MCV attended the seminar today Jazz musicians all over Europe unite! at Jazzahead, where the results of a new major survey were presented.
When the stages are closed - clubs, concert halls and festivals - the jazz actors have been hit particularly hard:
1) The working conditions for practitioners are very fragile, often without any forms of employment at the bottom, which makes safety nets very weak.
2) Musicians are generally dependent on working internationally, which has been impossible during the pandemic.
3) In addition, there are generally relatively low levels of cultural support for the organizers.
Despite the fact that the governments of many countries have pushed for crisis support, many musicians are still very hard hit.
A European collaboration between fourteen jazz music collecting organizations (including the Association of Swedish Jazz Musicians and Swedish Jazz) took shape in May 2020. After monthly meetings, a common cause was made in December last year - a European survey was conducted and the results and analysis of this survey were in focus. at today's seminar.
Those who presented the survey were Urs Johnen from the German Jazzunion, Fleurine Mehldau from BIM, the Dutch jazz organization and Pedro Cravinho from the Portuguese jazz network (as seen in the picture above).
The survey in fast (scary) figures:
1500 musicians from 23 countries have responded.
80% of the respondents are men.
73% are musicians who play live, 24% are also teachers.
72% are freelancers, 16% employees (eg big bands or radio orchestras).
82% are full-time musicians, 12% part-time musicians.
91% have had less than 20 gigs in the year 2020, most just a few.
53% assume that they will stop being professional musicians and change jobs after the pandemic.
Only 38% believe that they will continue with their profession as musicians.
(As soon as we find a link to the survey, we will publish it here!)
Invited to the seminar were Barbara Gessler, Head of the EU Creative Europe Cultural Program, European Commission.
Gessler said that a new program, which will be aimed at supporting the music sector, will be launched within a month (something that will take over after the Music Moves Europe program).
Gessler expressed that it is good and appreciated by the EU that jazz musicians organize themselves in Europe. Even more important, however, is to be able to speak with one voice for the entire musical life, according to Gessler. She says that both the Commission and Parliament are very aware that the music sector is particularly hard hit during the pandemic.
Also participated Franz Romeo, Vice-Chair of the European Parliament's Culture and Education Committee, also a musician.
He believes that the survey shows that the pandemic has hit the music sector enormously and that the situation can almost be described as a disaster.

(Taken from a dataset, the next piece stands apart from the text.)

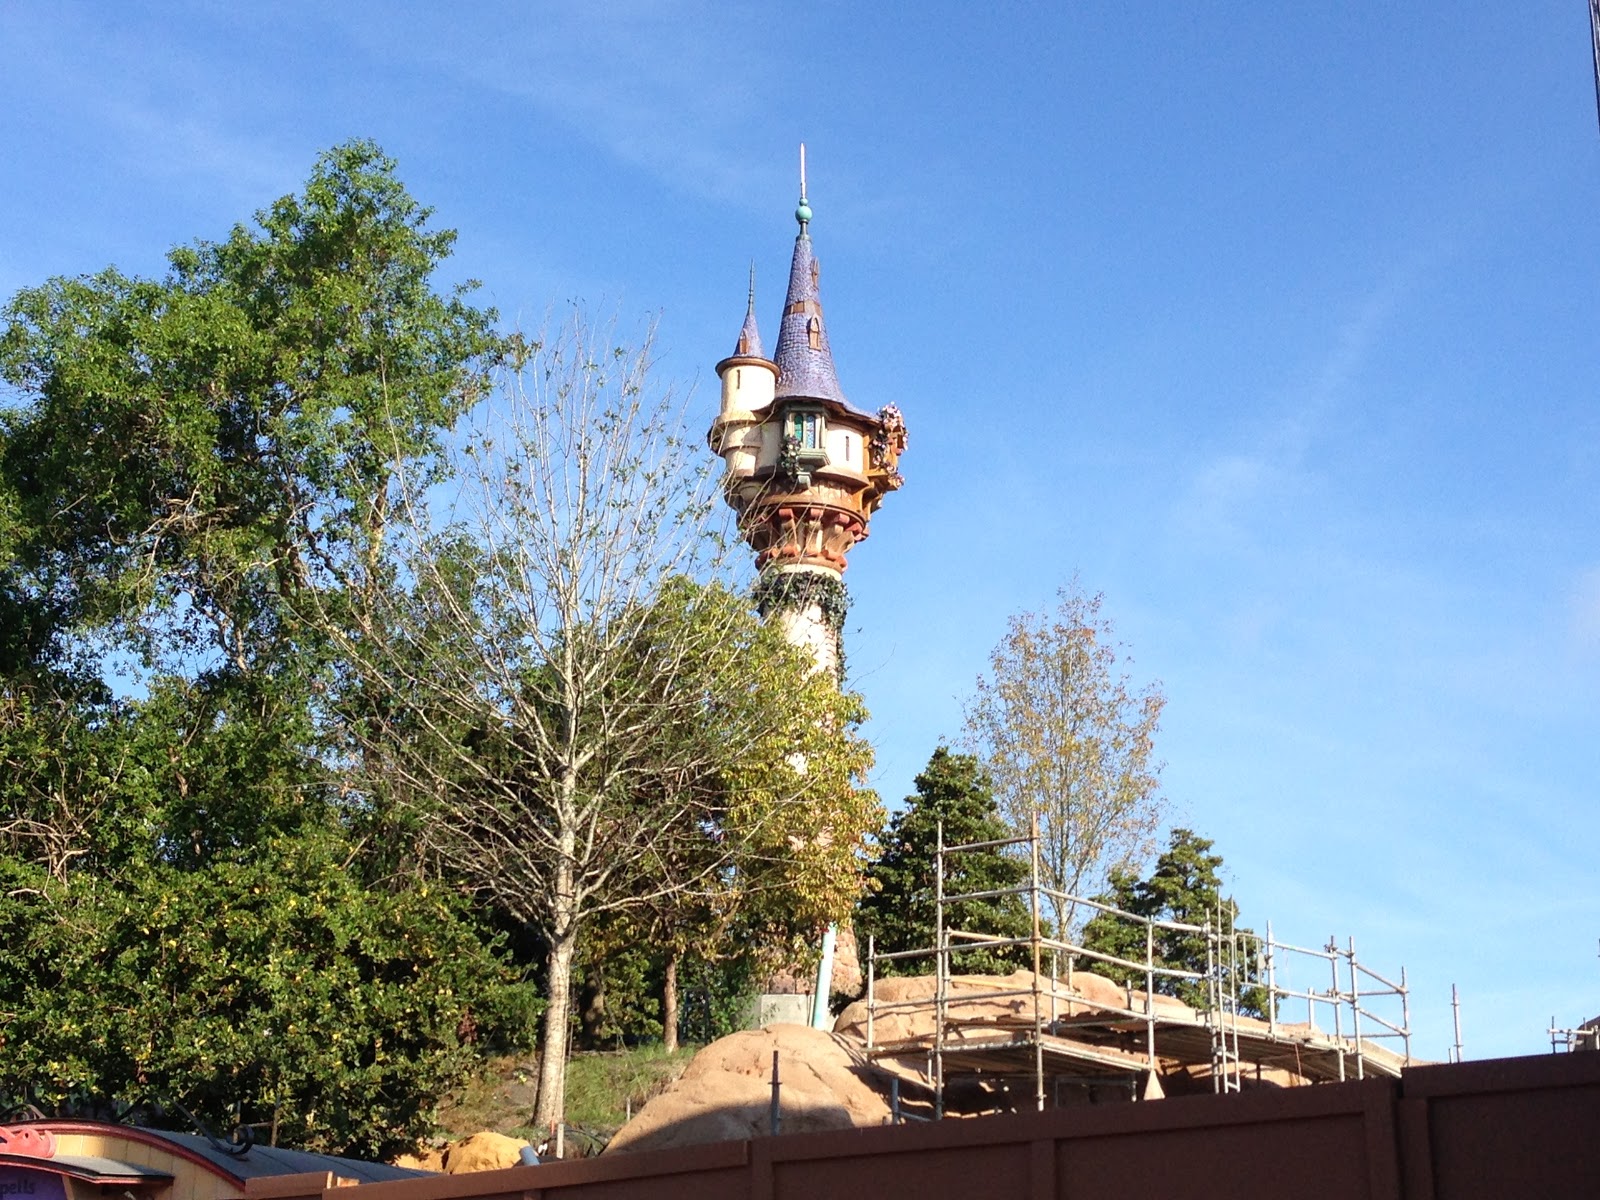 Digital Disney World DDW Pic 470. Rapunzel's Tower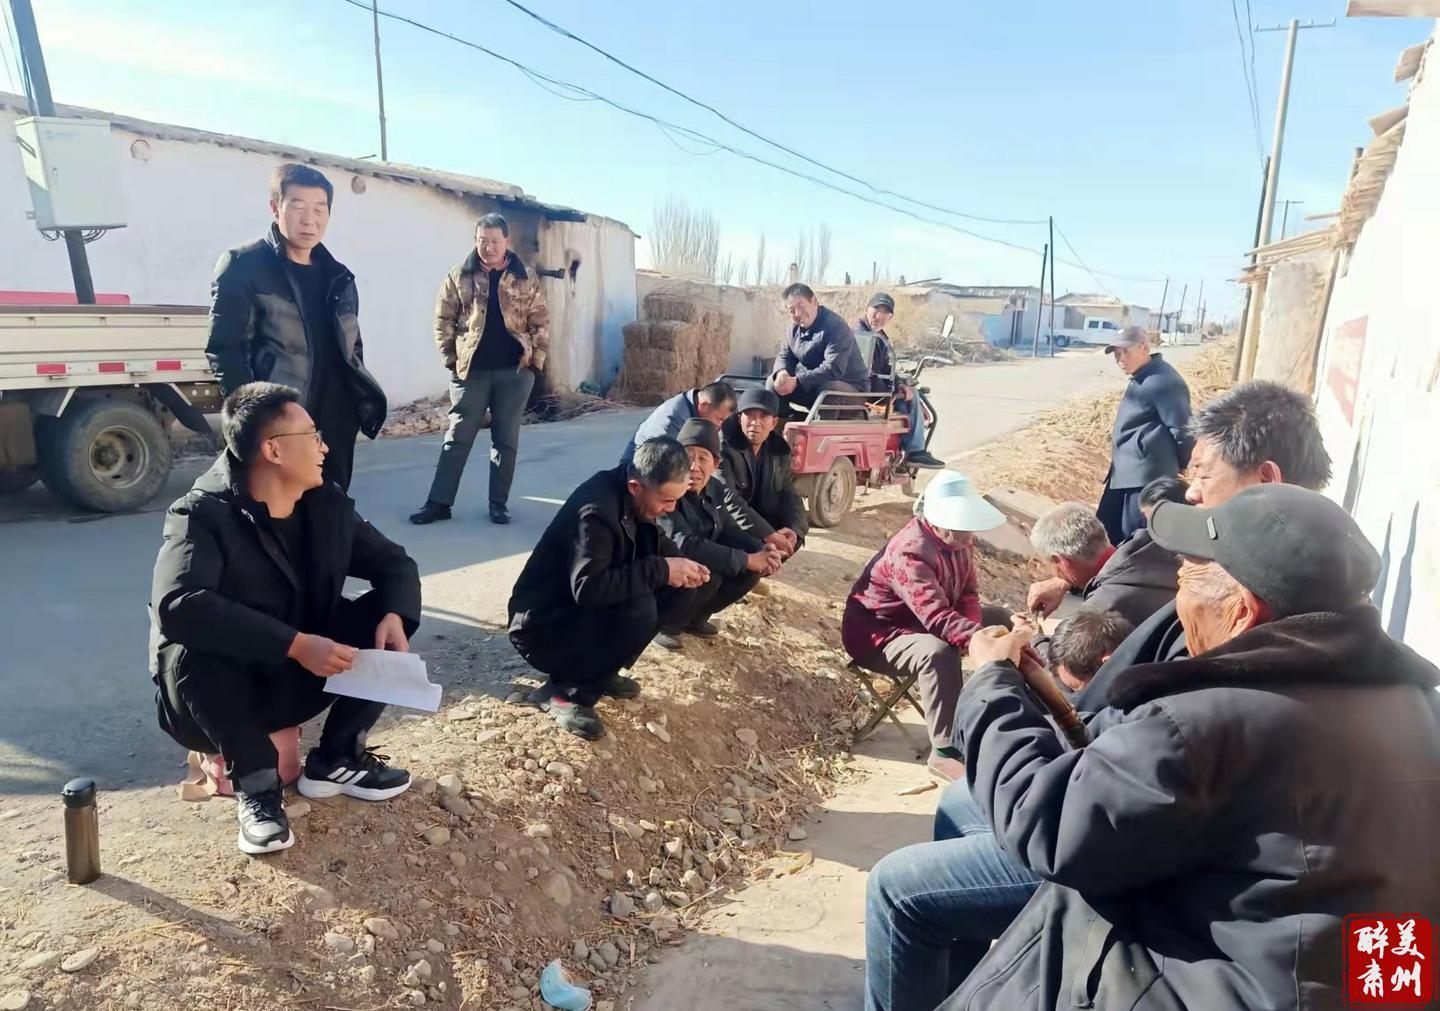 村干部化身“宣传员” 肃州一地冬季集中教育走进村组

The representatives of the organizations told the EU that it is fantastic with these large crisis support from both nations and the EU, but that the survey clearly shows that there is relatively little support that reaches the most vulnerable: freelancers.
How can the EU support musicians and help improve conditions?
Romeo recalled the direct funds that still exist for the music sector (Music Moves Europe) but noted that the large funds go to the countries' own institutions and authorities that are much closer to the practitioners.
Gessler recalled that the EU today provides support for networks, such as Europe Jazz Network and the importance of gathering broadly. She also referred to FIA, the European Association of Musicians' Associations.
In conclusion, the seminar organizers encouraged all musicians to join and get involved in their jazz organization.